After a reboot everything is fine and there was no hung messages appeared in message file. Now customer wants RCA for multiple hung, we tried with NMI signal but crash dump was not generated and Solaris didn't panic.

After reboot server perfectly worked and there was no performance issue.

Is there any way to manually generate crash dump in X-86 servers or any bug hit in Solaris 11.3.19.5.0?

root@EMS-BGF-SERVER:~# pkg info entire

             Name: entire

          Summary: entire incorporation including Support Repository Update (Oracle Solaris 11.3.19.5.0).

      Description: This package constrains system package versions to the same

                   build.  WARNING: Proper system update and correct package

                   selection depend on the presence of this incorporation.

                   Removing this package will result in an unsupported system.
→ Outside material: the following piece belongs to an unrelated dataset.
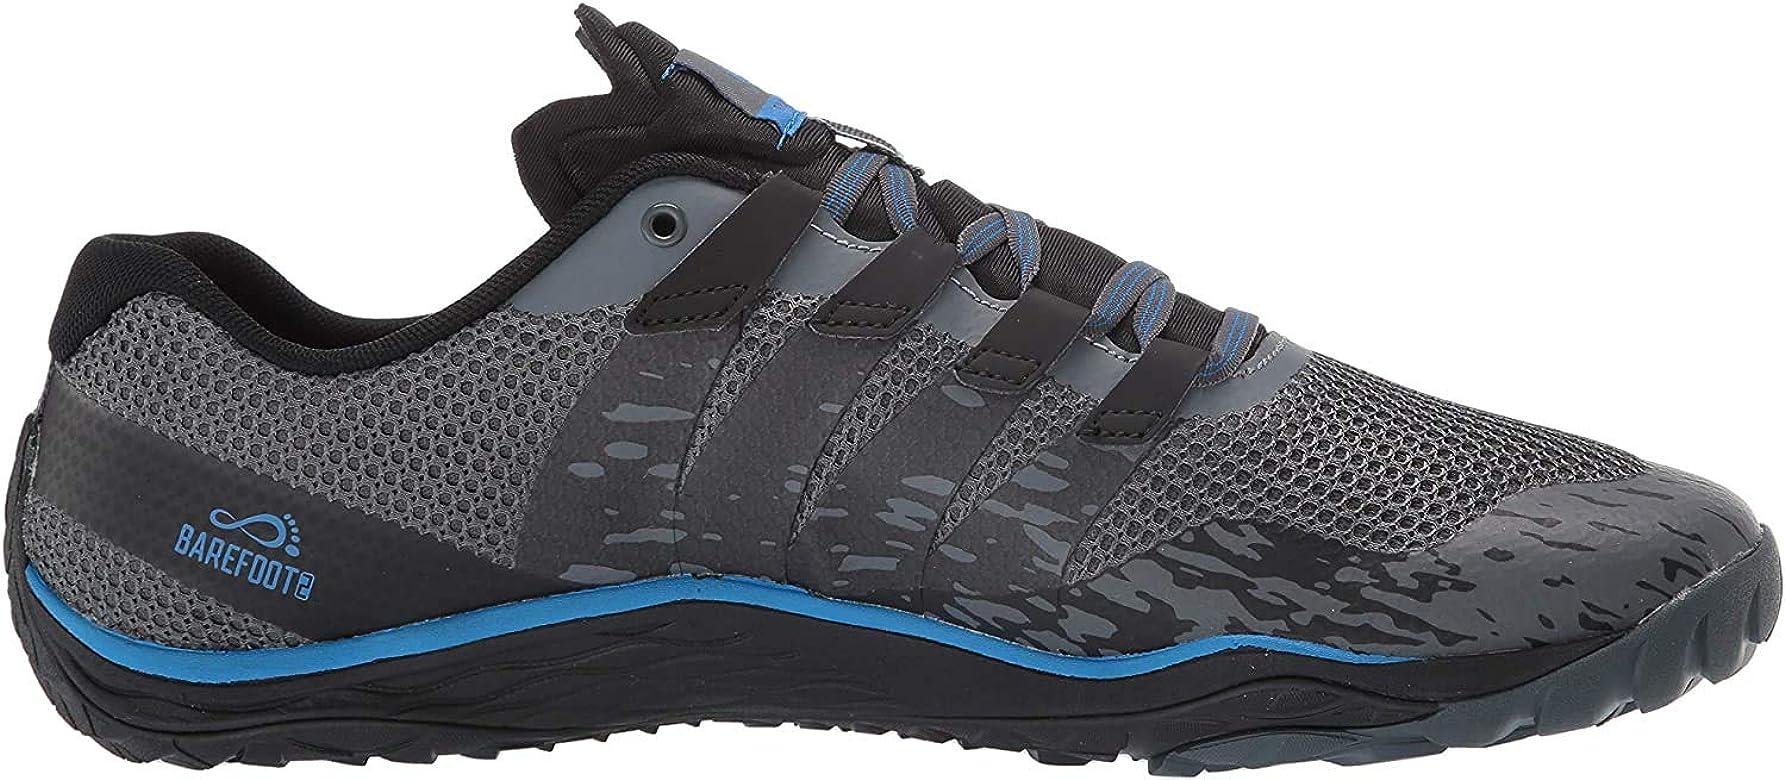 Merrell Trail Glove 5 – Zapatillas, Azul (Turbulence), 40 EU ...
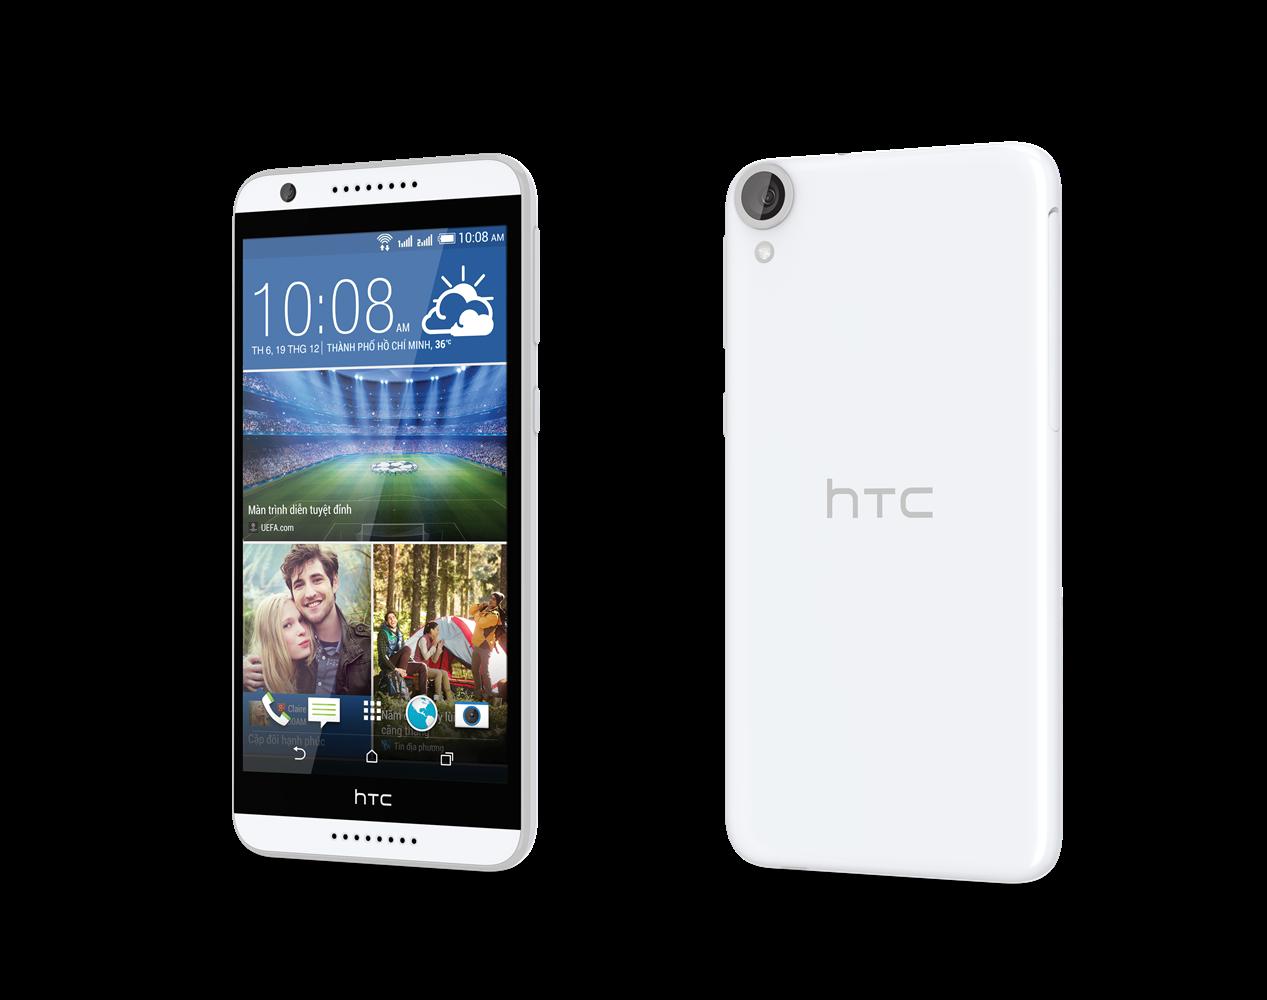 HTC Desire 820G+: Chip lõi 8, loa Boomsound, màn 5,5 inch, giá 4 triệu đồng

                   For more information see:

                   https://support.oracle.com/rs?type=doc&id=2045311.1

         Category: Meta Packages/Incorporations

            State: Installed

        Publisher: solaris

          Version: 0.5.11 (Oracle Solaris 11.3.19.5.0)

    Build Release: 5.11

           Branch: 0.175.3.19.0.5.0

   Packaging Date: Fri Apr 07 23:19:31 2017

             Size: 5.46 kB

             FMRI: pkg://solaris/entire@0.5.11,5.11-0.175.3.19.0.5.0:20170407T231931Z

root@EMS-BGF-SERVER:~#

root@EMS-BGF-SERVER:~# fmadm faulty

--------------- ------------------------------------  -------------- ---------

TIME            EVENT-ID                              MSG-ID         SEVERITY

--------------- ------------------------------------  -------------- ---------

Oct 28 13:24:42 5c058aff-82df-4b4d-b2dd-d14564f6f81f  USB-8000-80    Major   

Problem Status    : open

Diag Engine       : eft / 1.16

System

    Manufacturer  : unknown

    Name          : unknown

    Part_Number   : unknown

    Serial_Number : unknown

System Component

    Manufacturer  : SUN MICROSYSTEMS

    Name          : SUN FIRE X4170 SERVER         

    Part_Number   : 4442481-2            

    Serial_Number : 0935XF5054           

    Host_ID       : 000c169c

----------------------------------------

Suspect 1 of 1 :

   Problem class : fault.io.usb.dur

   Certainty   : 100%

   Affects     : dev:////pci@0,0/pci108e,4844@1a,7/hub@3

   Status      : faulted but still in service

   Resource

     FMRI             : "hc://:chassis-mfg=ORACLE-CORPORATI:chassis-name=SUN-FIRE-X4170-SERVER:chassis-part=To-Be-Filled-By-O.E.M.:chassis-serial=0935XF5054:fru-part=ff01-046b/motherboard=0/hostbridge=0/usb-bus=3/usbhub=3"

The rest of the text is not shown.